Hiken Shah

Personal information
- Full name: Hiken Naresh Shah
- Born: 15 November 1984 (age 41) Bombay, Maharashtra, India
- Batting: Left-handed
- Bowling: Leg-break
- Role: Batsman

Domestic team information
- 2006/07–present: Mumbai

Career statistics
| Competition | FC | List A | T20 |
| Matches | 19 | 6 | 6 |
| Runs scored | 1194 | 75 | 162 |
| Batting average | 47.76 | 15.00 | 32.40 |
| 100s/50s | 4/3 | 0/0 | 0/1 |
| Top score | 156 | 35 | 53 |
| Balls bowled | 27 | – | 84 |
| Wickets | 1 | – | 2 |
| Bowling average | 18.00 | – | 51.00 |
| 5 wickets in innings | 0 | – | 0 |
| 10 wickets in match | 0 | – | 0 |
| Best bowling | 1/5 | – | 1/23 |
| Catches/stumpings | 17/1 | 1/– | 1/- |
- Source: ESPNcricinfo, 1 December 2012

= Hiken Shah =

Indian cricketer (born 1984)

Hiken Shah (born 15 November 1984) is an Indian cricketer who plays for Mumbai in domestic cricket. He is a left-hand batsman and leg-break bowler.

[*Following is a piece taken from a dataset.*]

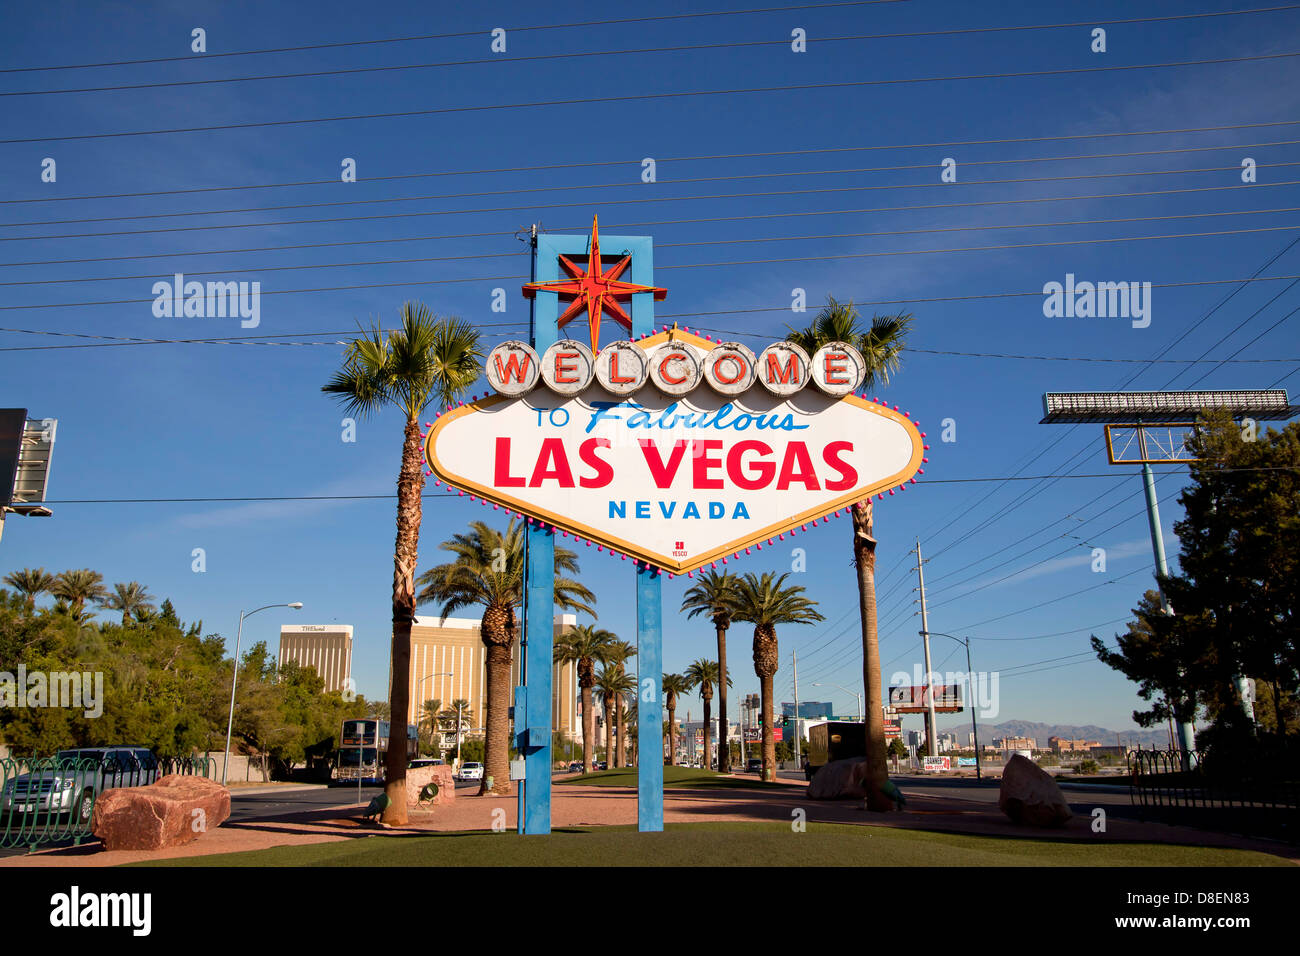 La célèbre inscription Bienvenue à Las Vegas, Nevada à Las Vegas, Nevada, United States of America, USA Banque D'Images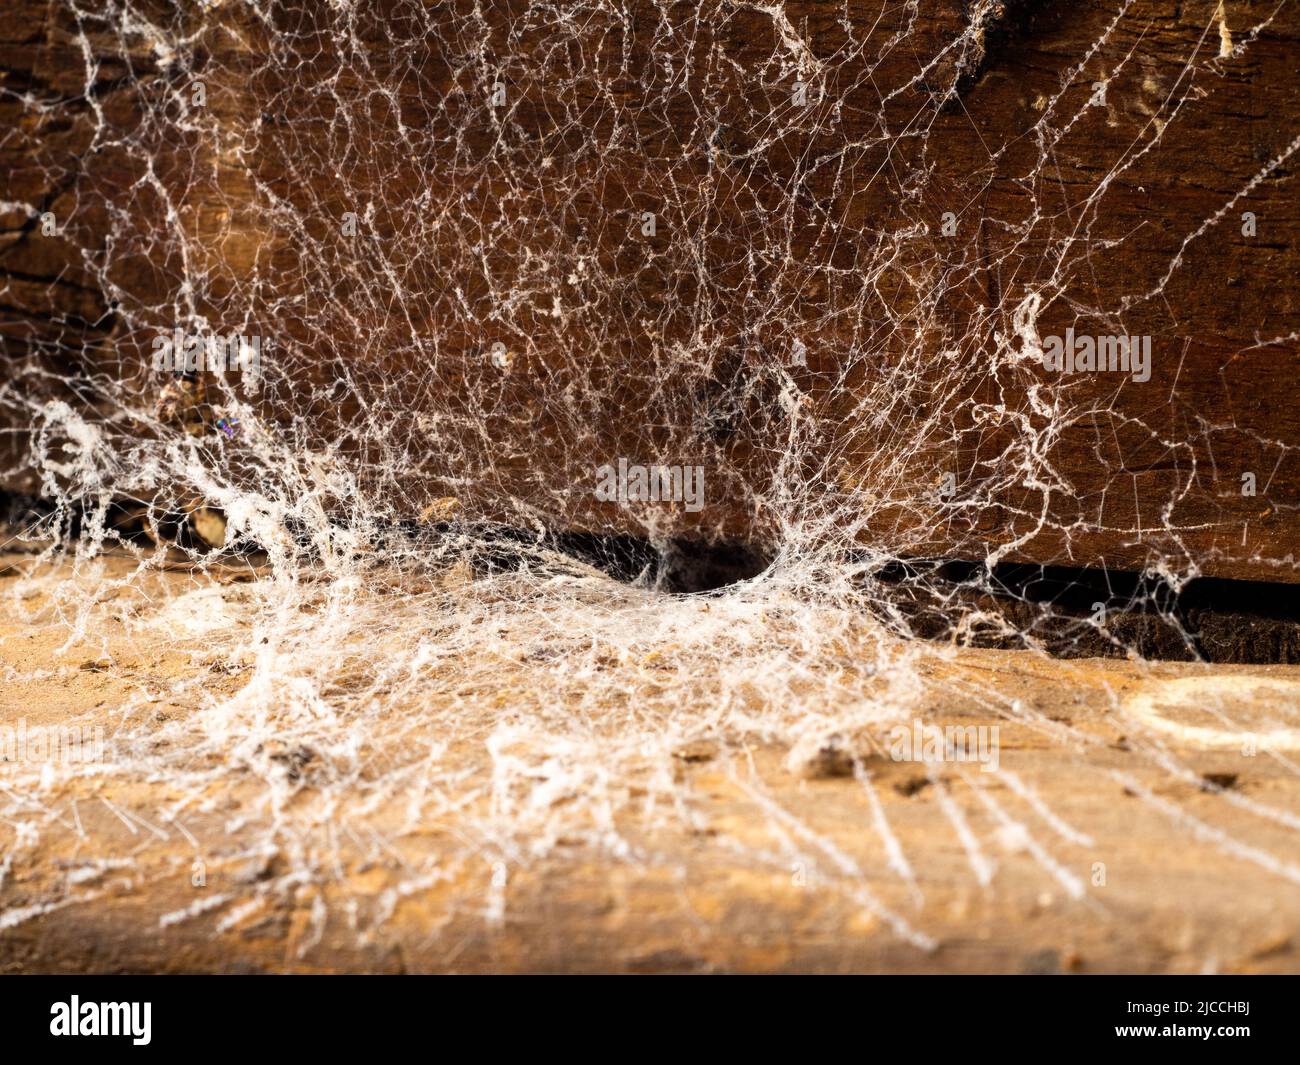 Araignée de trappe dans un vieux meuble dans une maison abandonnée. Banque D'Images

Shah made his debut for Mumbai in 2006 after consistent performances in inter-university cricket. However, he could not keep his
place in the team as the Mumbai middle-order already consisted of big names such as Sachin Tendulkar, Rohit Sharma, Abhishek Nayar and Amol Muzumdar. In 2012, Shah had a great run in the Safi Darashah tournament and the tour game against the visiting England side, due to which he got the No.3 spot in the Mumbai batting order in the Ranji Trophy.

In January 2016, the BCCI handed him a five-year ban for his role in the 2013 Indian Premier League spot-fixing and betting case.